- RAW DATA -

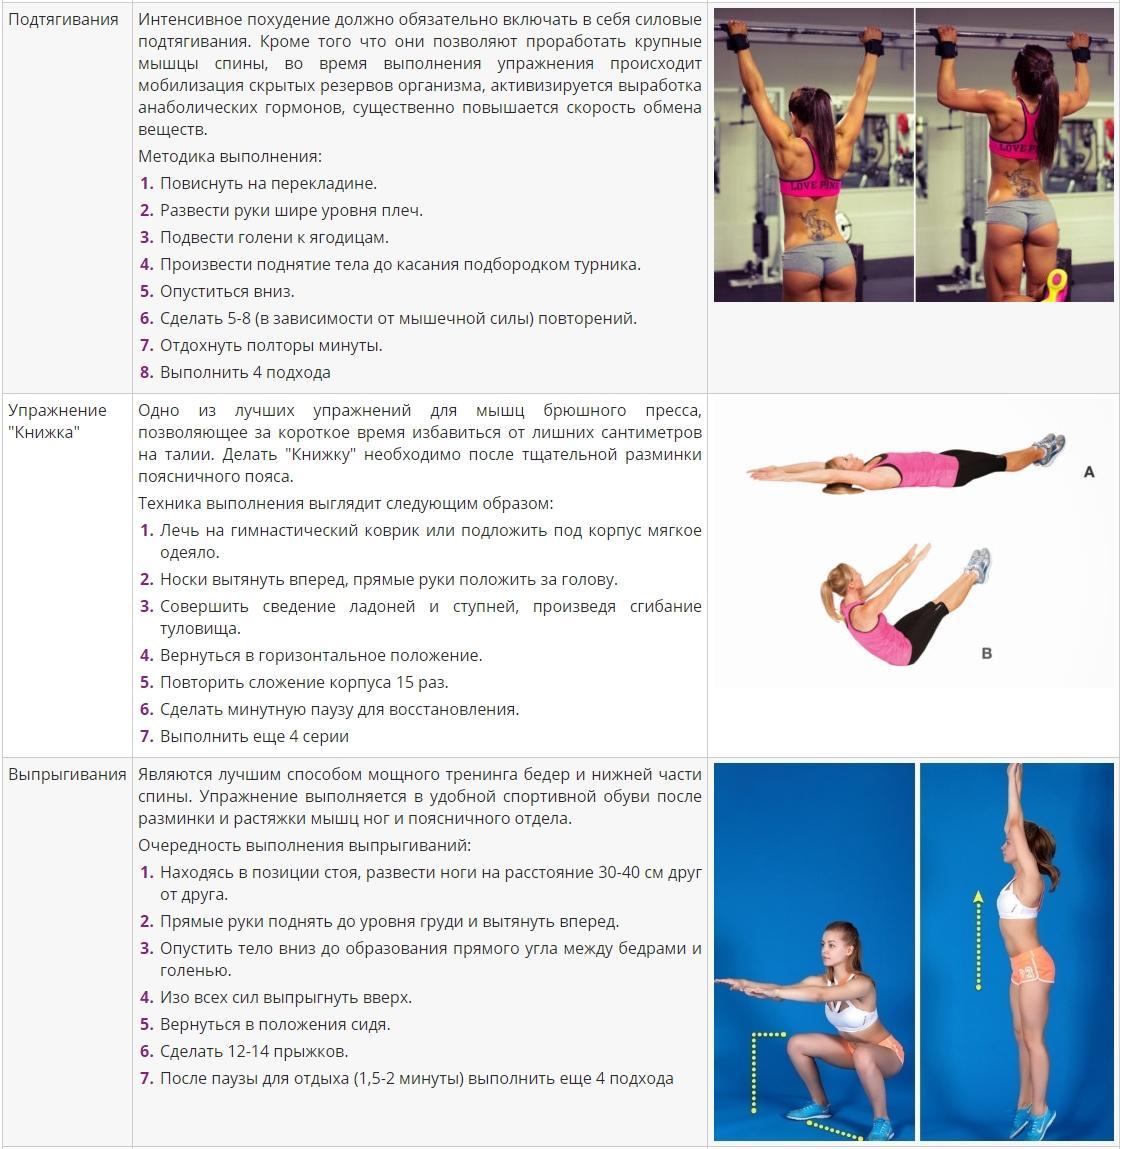 Комплекс эффективных упражнений для похудения дома 2
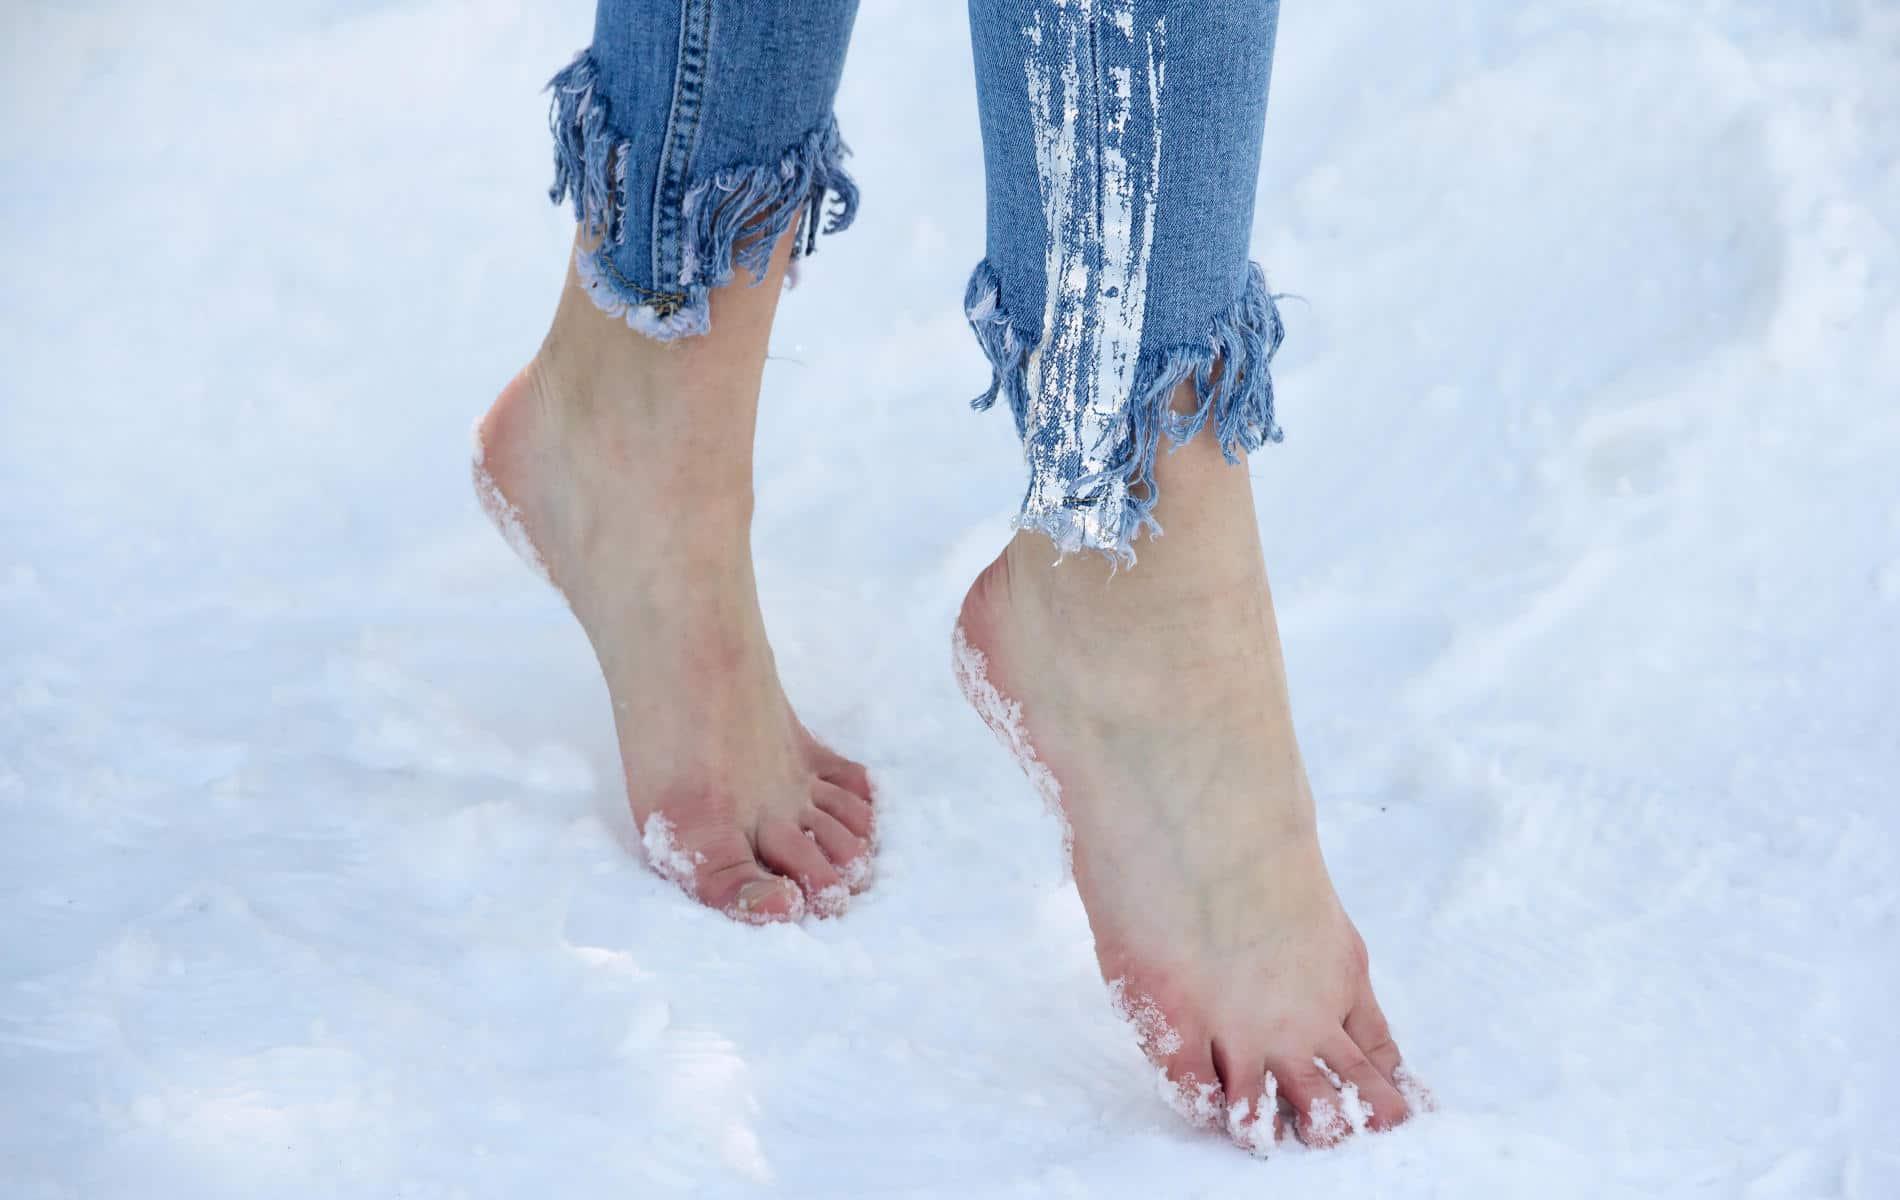 Barfuß im Schnee laufen - Wim Hof
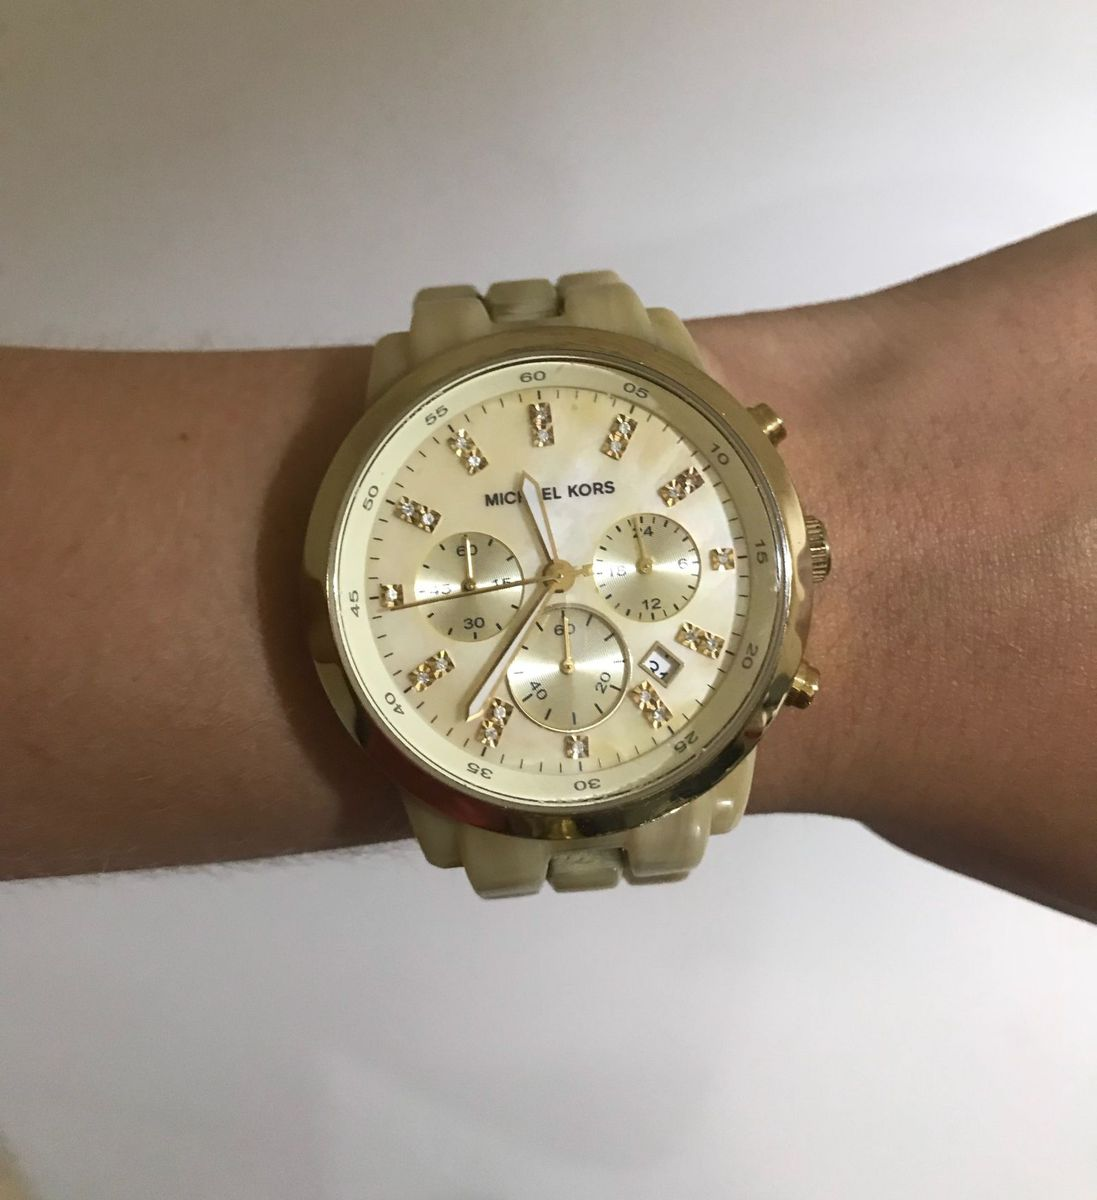 1b8681472e214 relógio michael kors mk5217 madrepérola dourado oversided - relógios michael -kors

- INSTRUCTIONS TO FOLLOW -
Wording must stay exact. Give again the lines from the line with "Barfuß im Schnee laufen - Wim Hof" through the last line of the listing, both ends included, without pictures.

- EXERCISE RESPONSE -
 Barfuß im Schnee laufen - Wim Hof
 1b8681472e214 relógio michael kors mk5217 madrepérola dourado oversided - relógios michael -kors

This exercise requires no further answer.